As an auteur, David Fincher’s work is instantly recognisable. Fincher’s films are distinctly dark, claustrophobic, innovative, and thought-provoking – with an aftertaste that lingers, or even scars – like a chemical burn. By creating films that are distinctly unsettling Fincher is able to criticise an aspect of society he finds particularly troublesome – usually centred around modern occidental culture’s capitalist and consumerist traits. Moreover, since Fincher films are so memorable and powerful, ideas in films – such as Fight Club (1999) and Gone Girl (2014) resonate with viewers for some time.
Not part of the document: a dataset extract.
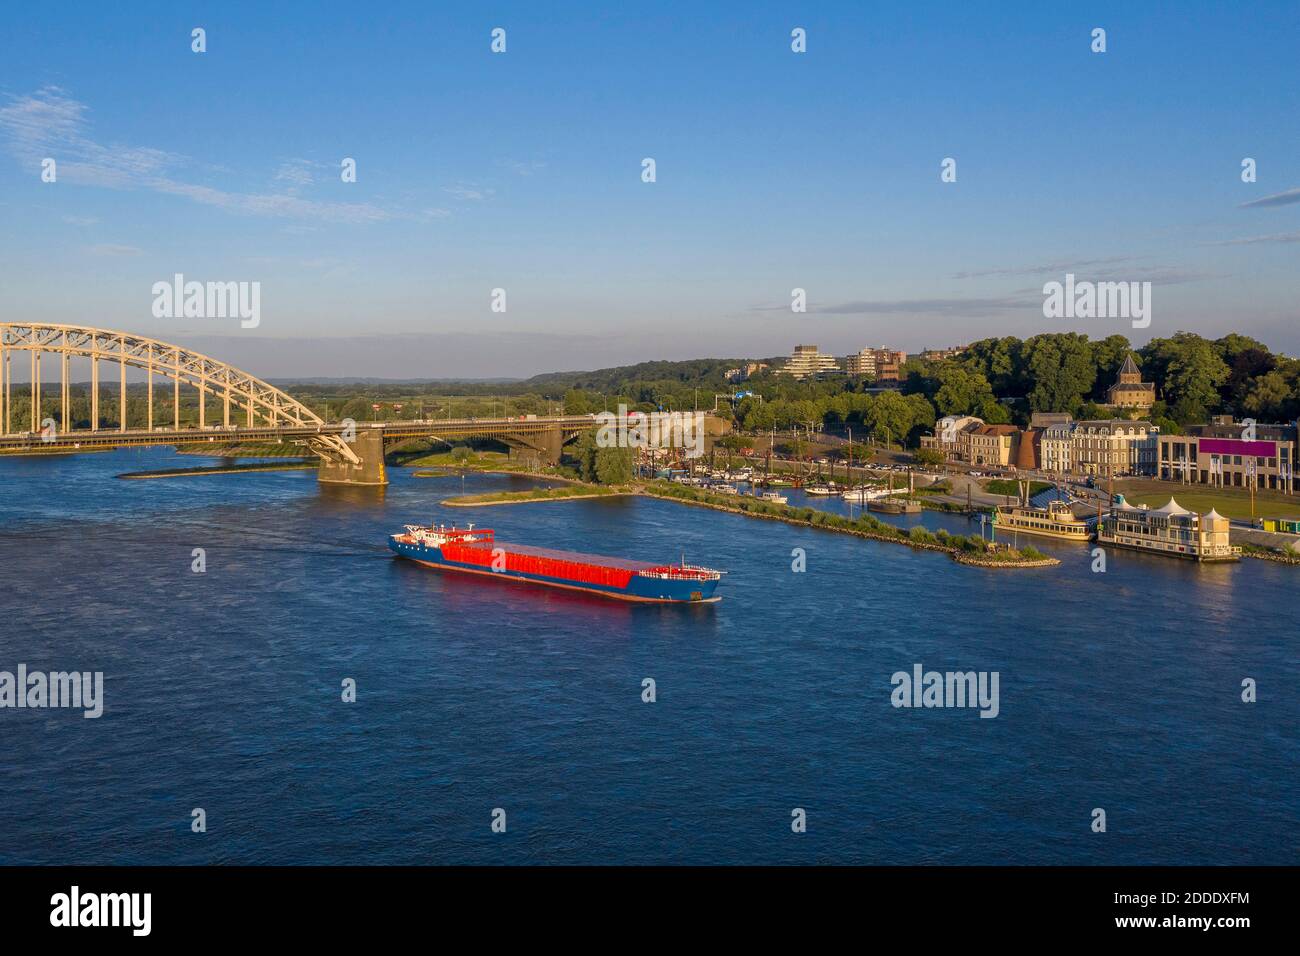 Países Bajos, Gelderland, Nijmegen, Vista aérea del barco de contenedores navegando por el puente sobre el río Waal Foto de stock

Fincher’s distaste with not only the ideals of the ‘American Dream’ but also modern, capitalist societies’ consumerist mindset is evident in the ‘IKEA Nesting Instinct’ scene, during the exposition of Fight Club (1999). The lighting of [Edward Norton]’s apartment exposes its nature. Fincher – by combining a pale green filter with stark, fluorescent lighting – creates a unsettling and sickly atmosphere in the scene. The use of a green filter would create a sickly tinge unaccompanied, but when used in unison with the stark, halogen-bulb lighting, the scene evokes a more powerful reaction from the audience – feelings of sickness and distaste are amplified. “Fincher’s interior spaces often convey a strong sense of a claustrophobic starkness – lit by fluorescent lights and manipulated through filters to create a bleak or sickly feel; as in the hospital room in Benjamin Button, or the Newspaper Office in Zodiac.” (Namschaud) – a statement, which, in the case of the ‘IKEA Nesting Instinct’ scene certainly rings true. The sickly atmosphere Fincher creates displays his clear distaste not only with [Edward Norton]’s cramped inner-city apartment lifestyle (and how it betrays ideals of the ‘American Dream’), but moreover, with its inhabitants – trendy furniture, a purchased identity, being used to fill a void in [Edward Norton]’s – the ‘everyman’s’ – empty life.
Fincher’s apparent distaste with the ideals of the ‘American Dream’ once again rears its head in Gone Girl (2014). Early in the film, when Nick Dunne (Ben Affleck), comes home to find Amy Dunne (Rosamund Pike) – his wife – is missing. Once again, Fincher uses lighting, filters, and cinematography to create an intensely unsettling atmosphere. Nick Dunne’s home is dimly lit, which, immediately unsettles an audience – combining the dim lighting with a green filter emphasises insidious connotations within the home. As stated previously, use of a green filter is typical of Fincher – often used to show his distaste with a setting. In this instance, Fincher’s displeasure lies within Nick’s home – it “can be perceived as a symbol of The American Dream – the grand stately home” (Namschaud). Through the scene Fincher builds a powerful sense of claustrophobia and anxiety through concealing, or darkening, exits to rooms. This begins to convey to the audience Nick Dunne’s inability to escape his wife’s ensuing plot, “the grand house is a seething bed of claustrophobic dissatisfaction and loathing, and one in which the protagonist is ultimately condemned to stay” (Namschaud). Furthermore, by showing the grand house through such a critical light, Fincher is able to criticise an aspect of society; commenting on how modern day, occidental culture glorifies owning a grand home – claiming that wealth will bring happiness and purpose to one’s life, evidently not in Nick Dunne’s case.